On Fri, Jul 29, 2016 at 3:02 PM, Frederik Ramm <frede...@remote.org> wrote:

> Hi,
>
> On 07/29/2016 03:42 AM, Clifford Snow wrote:
> > Thanks for pointing out my lapse. You are correct. I've used parcel
> > boundaries for parks a number of time.
>
> Nonetheless (in order not to confuse the original poster) let's
> reiterate that property lines themselves do not belong in OSM; only
> where they can be used to deduce the bounds of something we *do* want in
> OSM will they find their way into the database.
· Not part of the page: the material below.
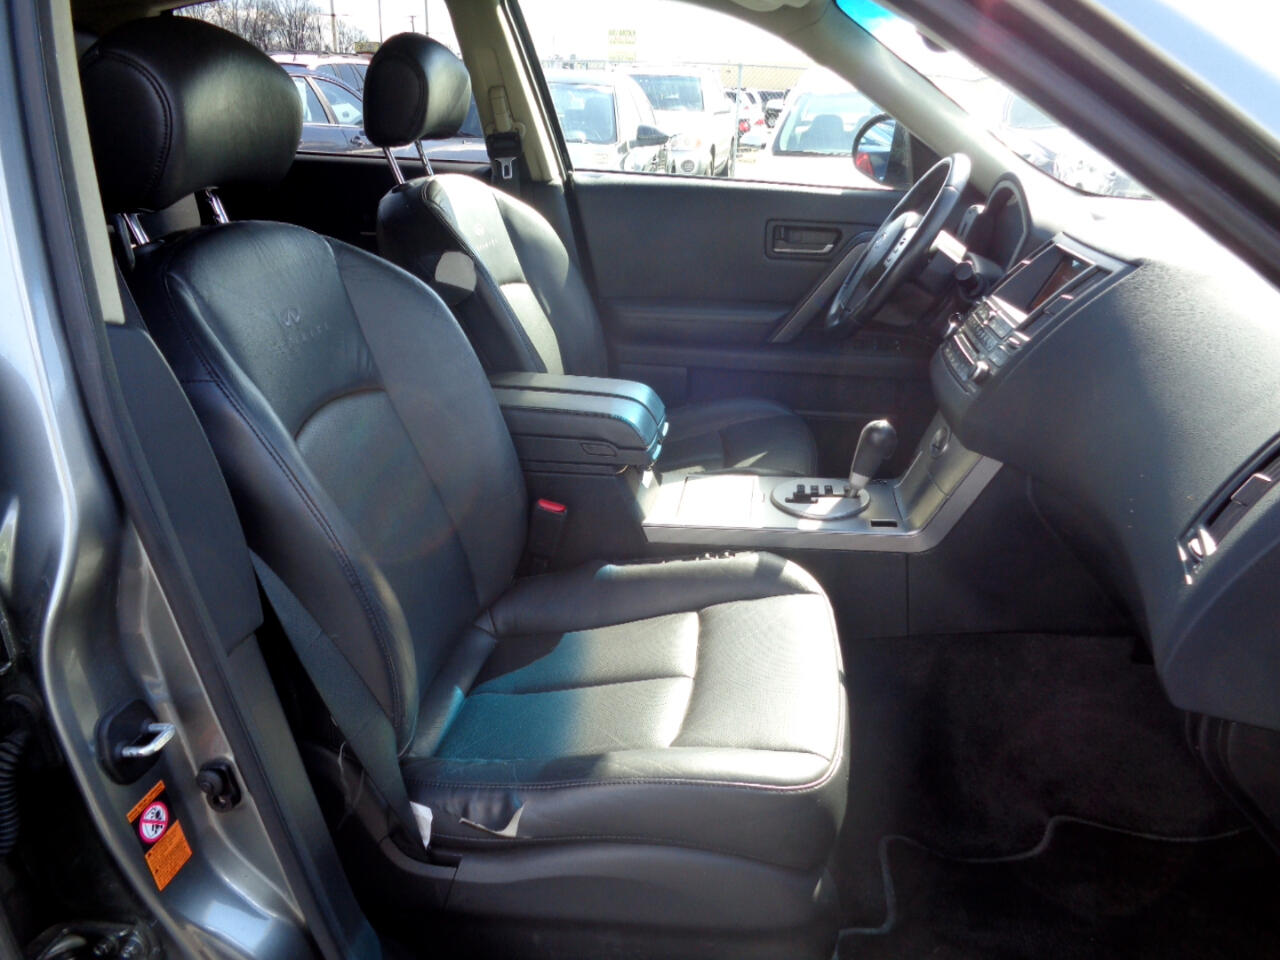 2005 Infiniti FX FX35 AWD
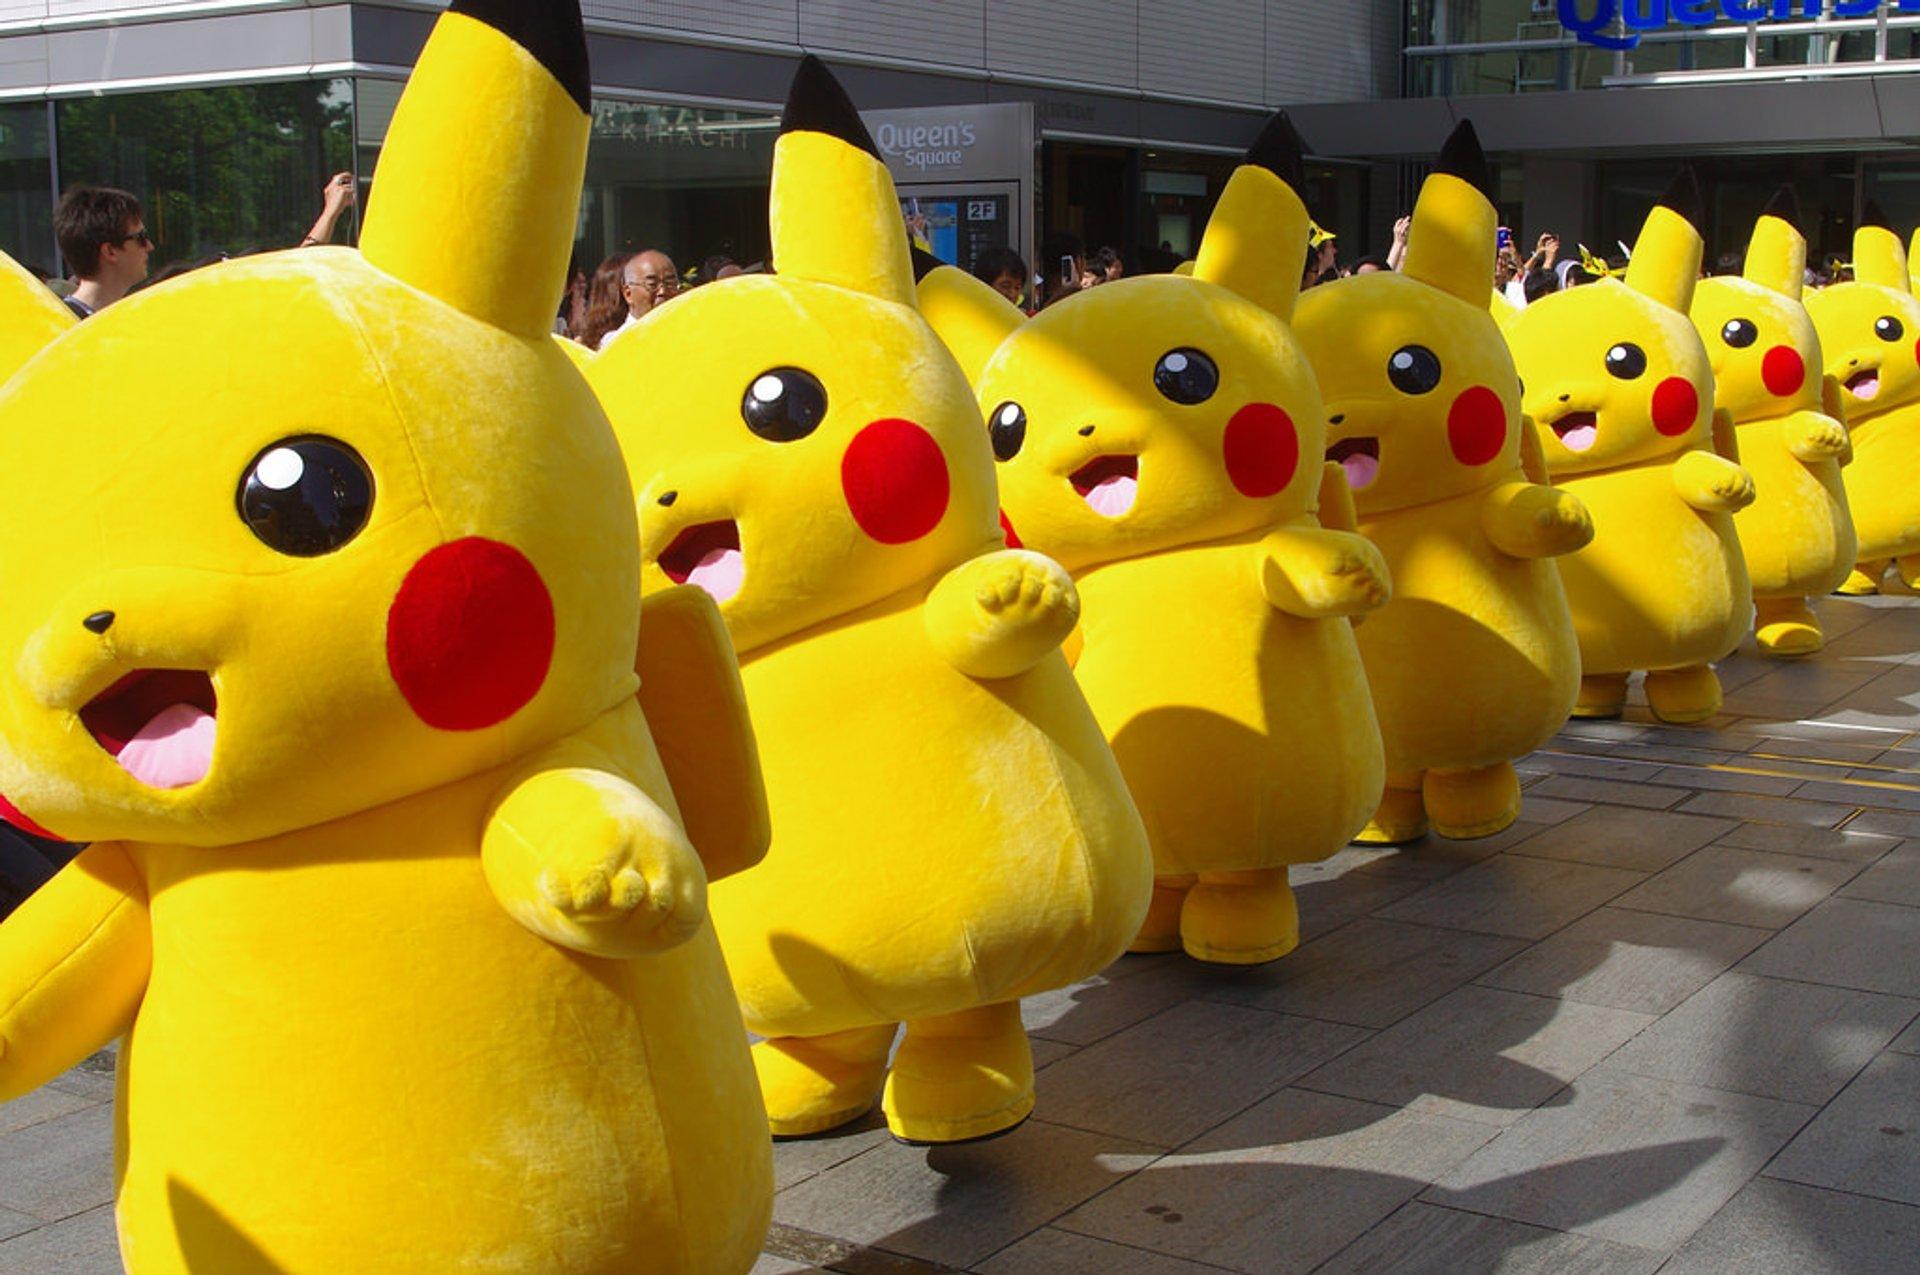 Pikachu Tairyou Hassei-Chu in Japan 2019 - Best Time

We will not map
> individual property lines in e.g. a residential neighbourhood (much less
> import them).


This feels like a usage case, somewhat specific to a far more gruanular
scenario, in part of OSM's self making.

At least in the US, even in residential areas, there's a high degree of
difference between landuse=highway and landuse=residential.  I get that
land use changes over time, but, are we trying to produce a static map, or
a flexible map?  I'm generally on the assumption of the latter (though my
examples of Oklahoma as a whole and Oregon's Metro Region plus Clark
County, Washington as critters with their own quirks) seems to be fairly
unique.  Particularly with three-dimensional tagging in place, is there a
reason to NOT handle property-lines on the ground?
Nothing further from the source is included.